Razia kali ini bukan agenda biasa. Ini adalah bentuk deteksi dini dan komitmen nyata Rutan Putussibau dalam mendukung program 3 Kunci Pemasyarakatan Maju, Bersih dari HP, Pungli, dan Narkoba.
“Kami ingin memastikan tidak ada celah sedikit pun bagi barang terlarang masuk dan beredar di dalam Rutan. Keamanan adalah harga mati,” kata Karutan Syahrinaldi kepada wartawan Mattanews.co. saat kunjungan ke Rutan. Kamis (30 Juli 2026)
Karutan jelaskan, dengan cara humanis namun tegas, petugas memeriksa kasur, lemari, kamar mandi, hingga celah-celah yang dicurigai menjadi tempat penyimpanan. Suasana tegang namun tetap terkendali.
“Hasilnya mengejutkan. Dari penggeledahan tersebut, petugas berhasil mengamankan sejumlah barang yang berpotensi membahayakan. 2 buah kabel pengecas HP, 1 buah gergaji besi, 1 buah gunting, 1 buah pecahan kaca, 1 buah botol parfum kaca, 2 buah sendok besi, “beber Karutan.
Menurut Karutan, temuan gergaji besi dan pecahan kaca menjadi sorotan utama. Kedua barang tersebut sangat rawan disalahgunakan untuk upaya pelarian maupun melukai diri sendiri dan orang lain.
“Bayangkan jika barang ini jatuh ke tangan yang salah. Makanya razia seperti ini wajib dan harus terus kami galakkan,” ujar Syahrinaldi dengan nada serius.
Kemudian, seluruh barang bukti langsung diamankan, didata, dan akan ditindaklanjuti dengan pembinaan kepada WBP terkait. Tidak ada toleransi.
Menurut Syahrinaldi, razia ini adalah bukti bahwa Rutan Putussibau serius menjaga integritas. Petugas tidak akan memberi ruang bagi pelanggaran sekecil apapun.
“Kegiatan ini sudah kami dokumentasikan dan laporkan kepada Kepala Kantor Wilayah Ditjenpas Kalimantan Barat dan Dirjen Pemasyarakatan RI sebagai bentuk pertanggungjawaban,” jelasnya.

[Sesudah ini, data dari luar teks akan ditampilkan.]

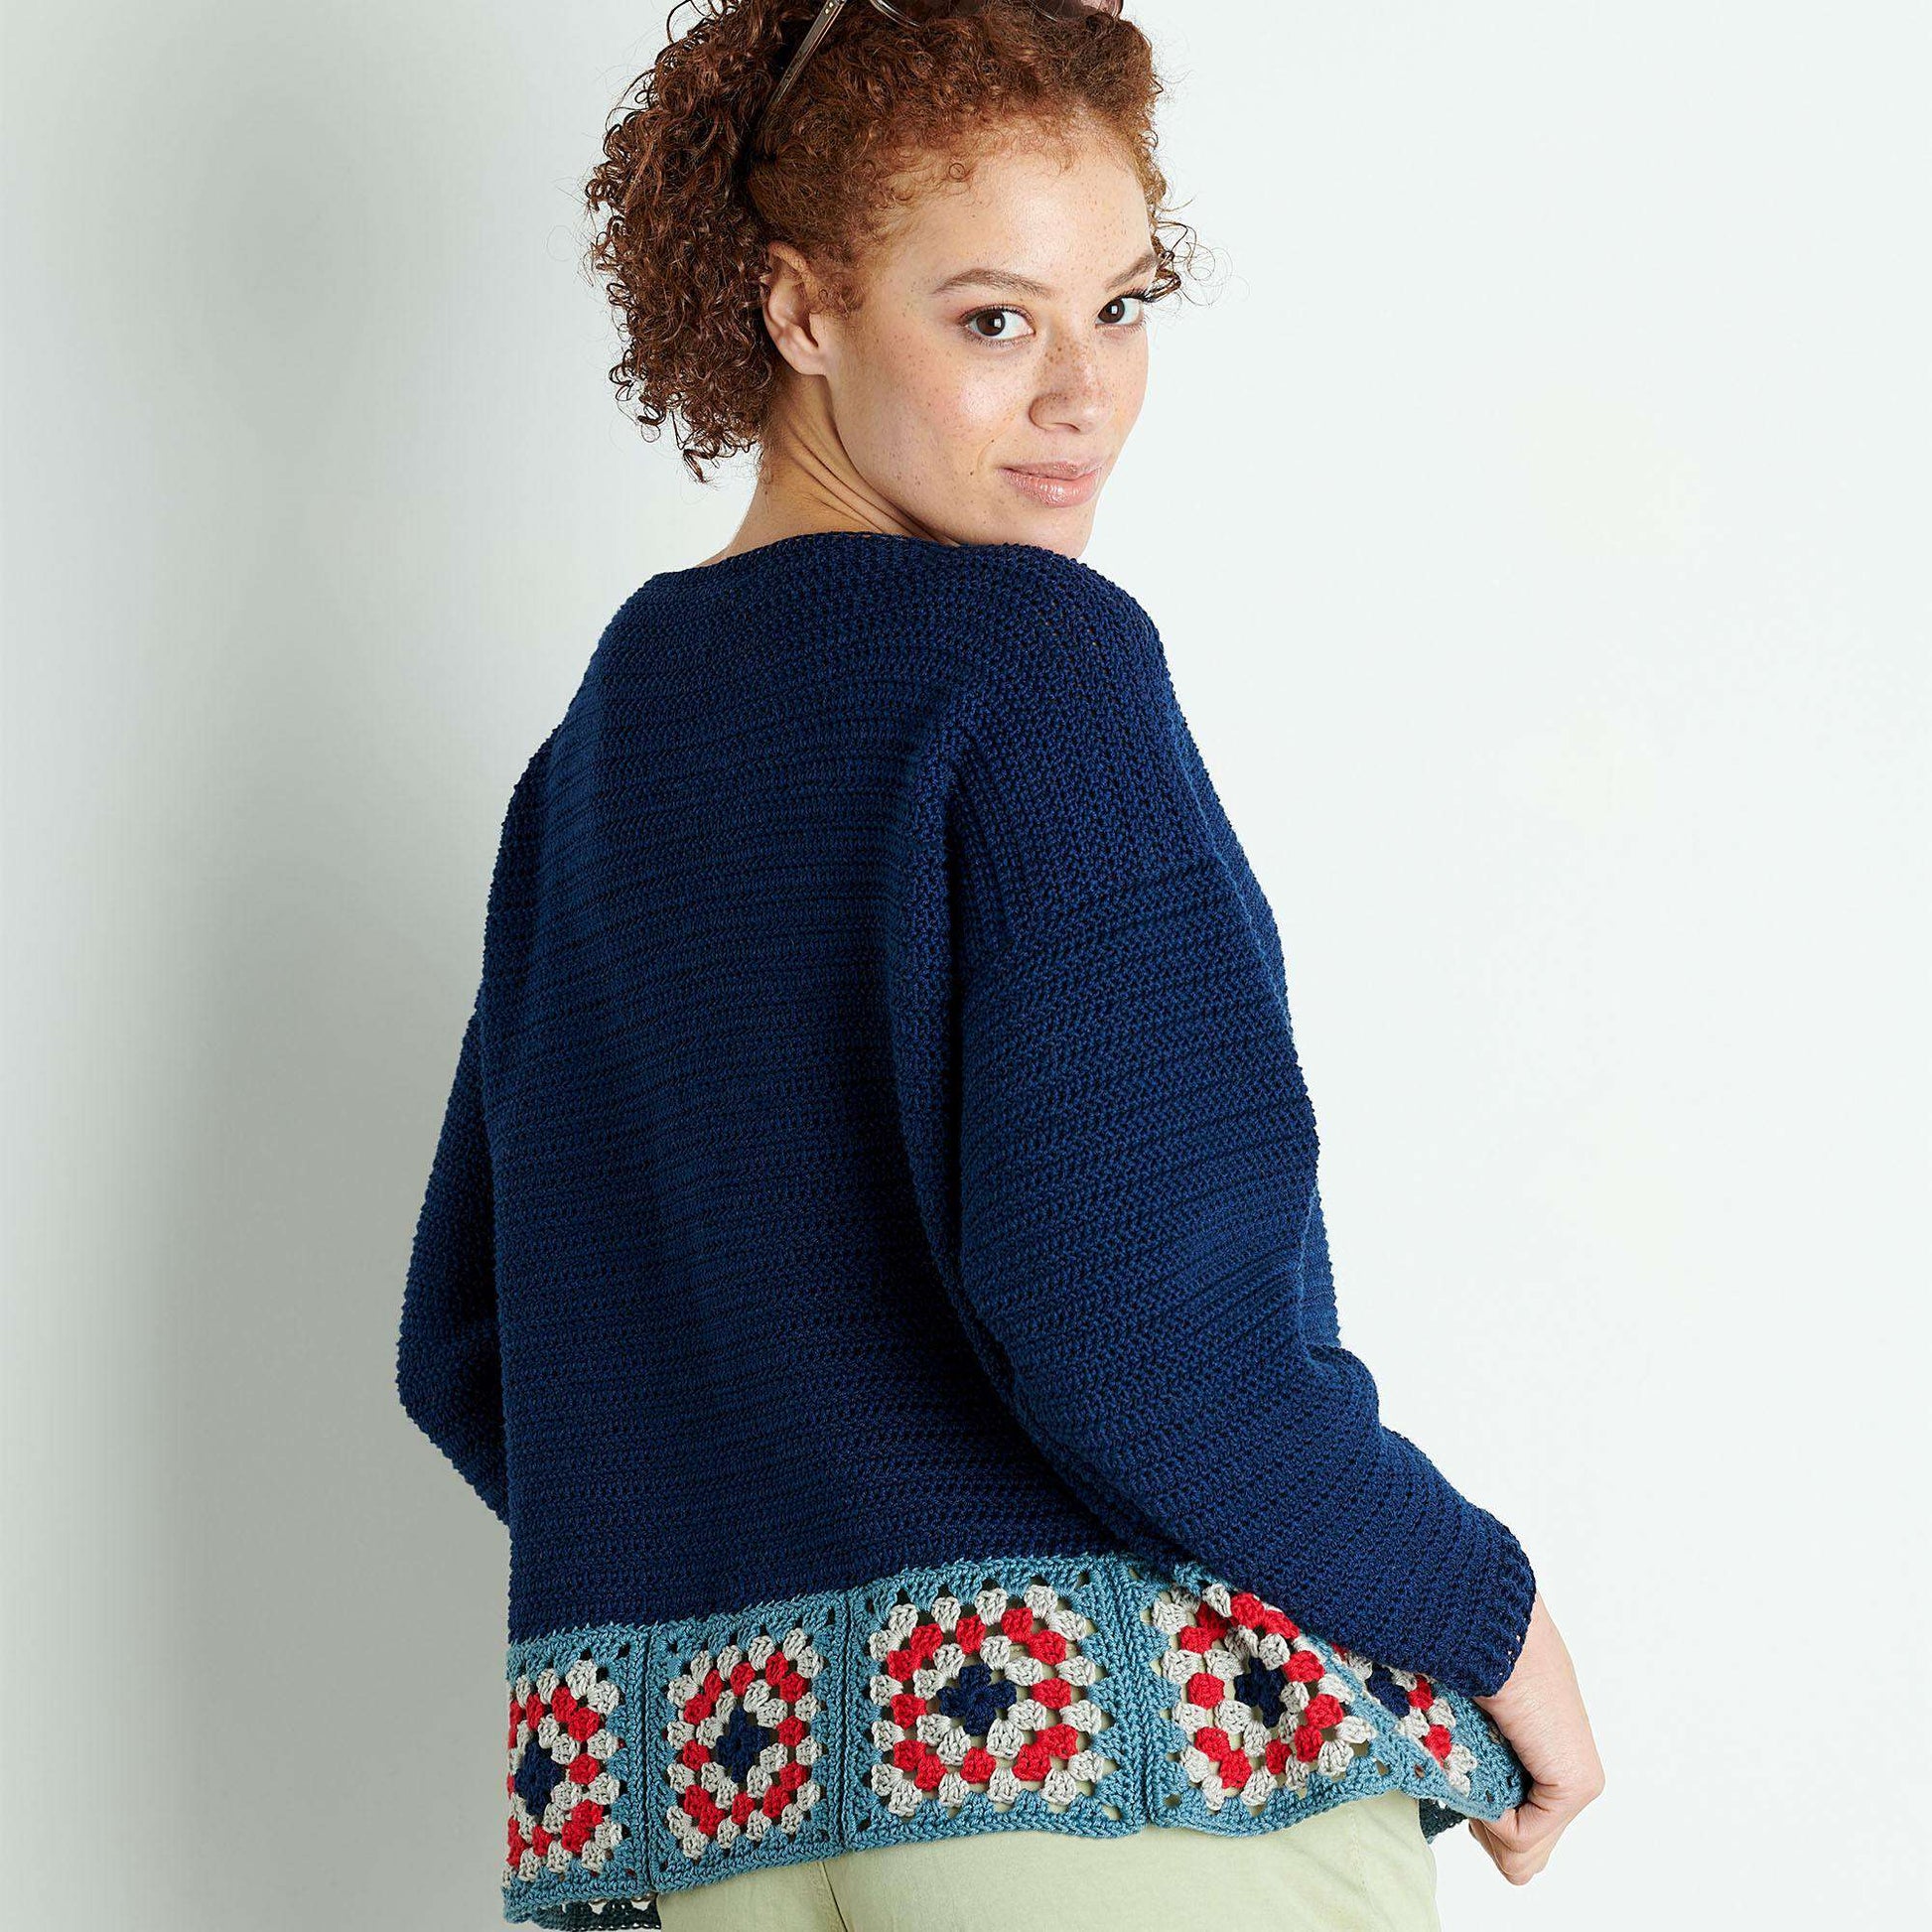 Free Patons Motif Trim Crochet Top Pattern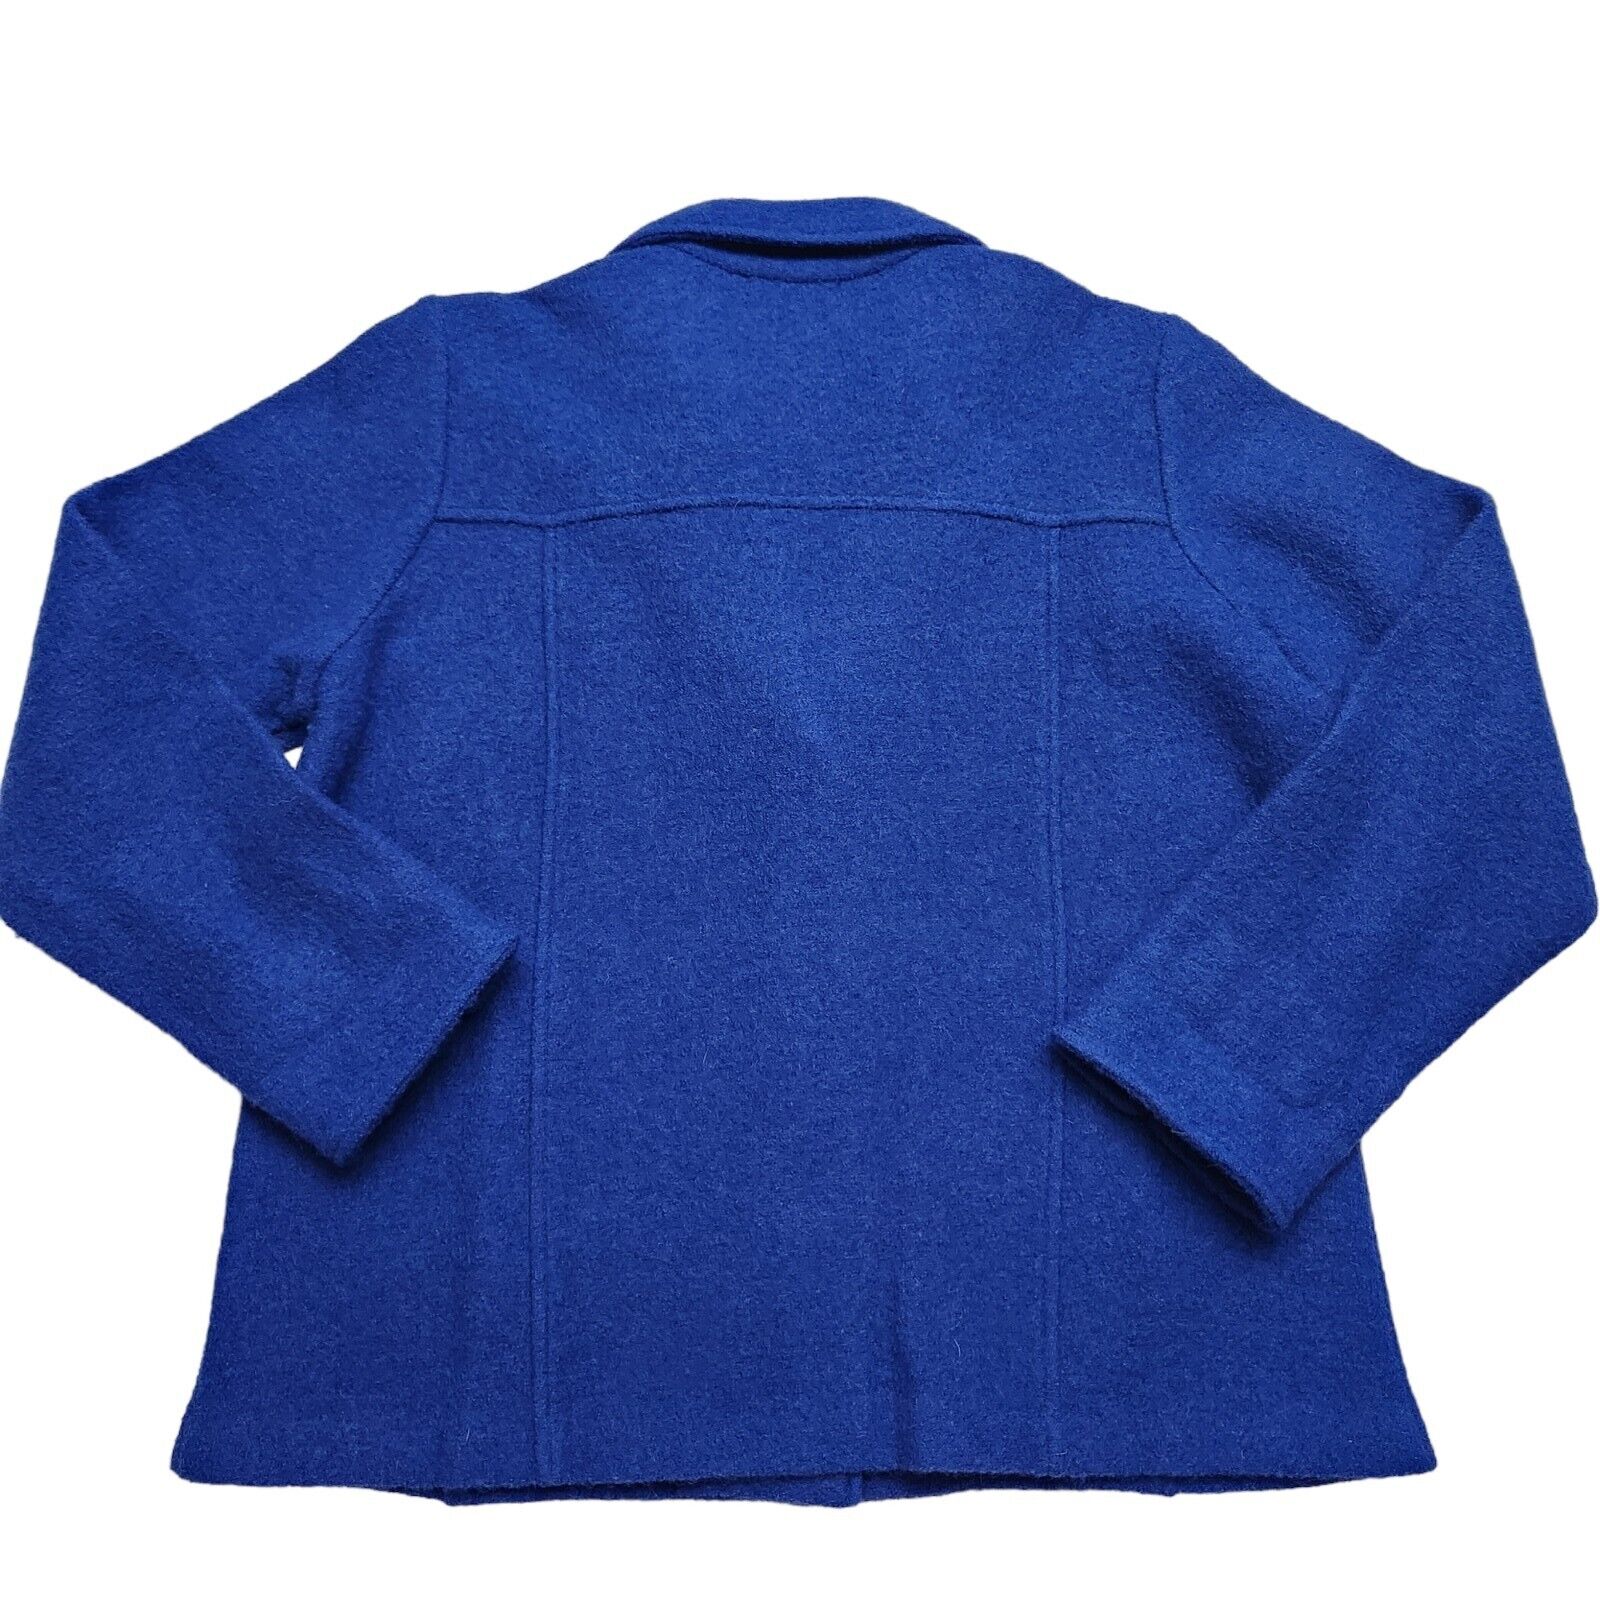 Norm Thompson Boiled Wool Jacket Coat Cardigan Sw… - image 6

Ia juga mengapresiasi kekompakan tim yang bergerak cepat dan profesional. “Saya berterima kasih kepada seluruh jajaran. Mari kita jaga bersama agar Rutan ini tetap aman dan bersih.” ucap Karutan Syahrinaldi
Di akhir kegiatan, petugas memberikan arahan kepada seluruh WBP. Tidak ada kata terlambat untuk berubah. Rutan adalah tempat pembinaan, bukan tempat untuk mengulangi kesalahan.
“Karena di balik jeruji, keamanan dan pembinaan harus berjalan beriringan. Dan hari ini, Rutan Putussibau kembali membuktikan komitmennya, “tutup Kepala Rumah Tahanan Kelas IIB Putussibau, Syahrinaldi. (*)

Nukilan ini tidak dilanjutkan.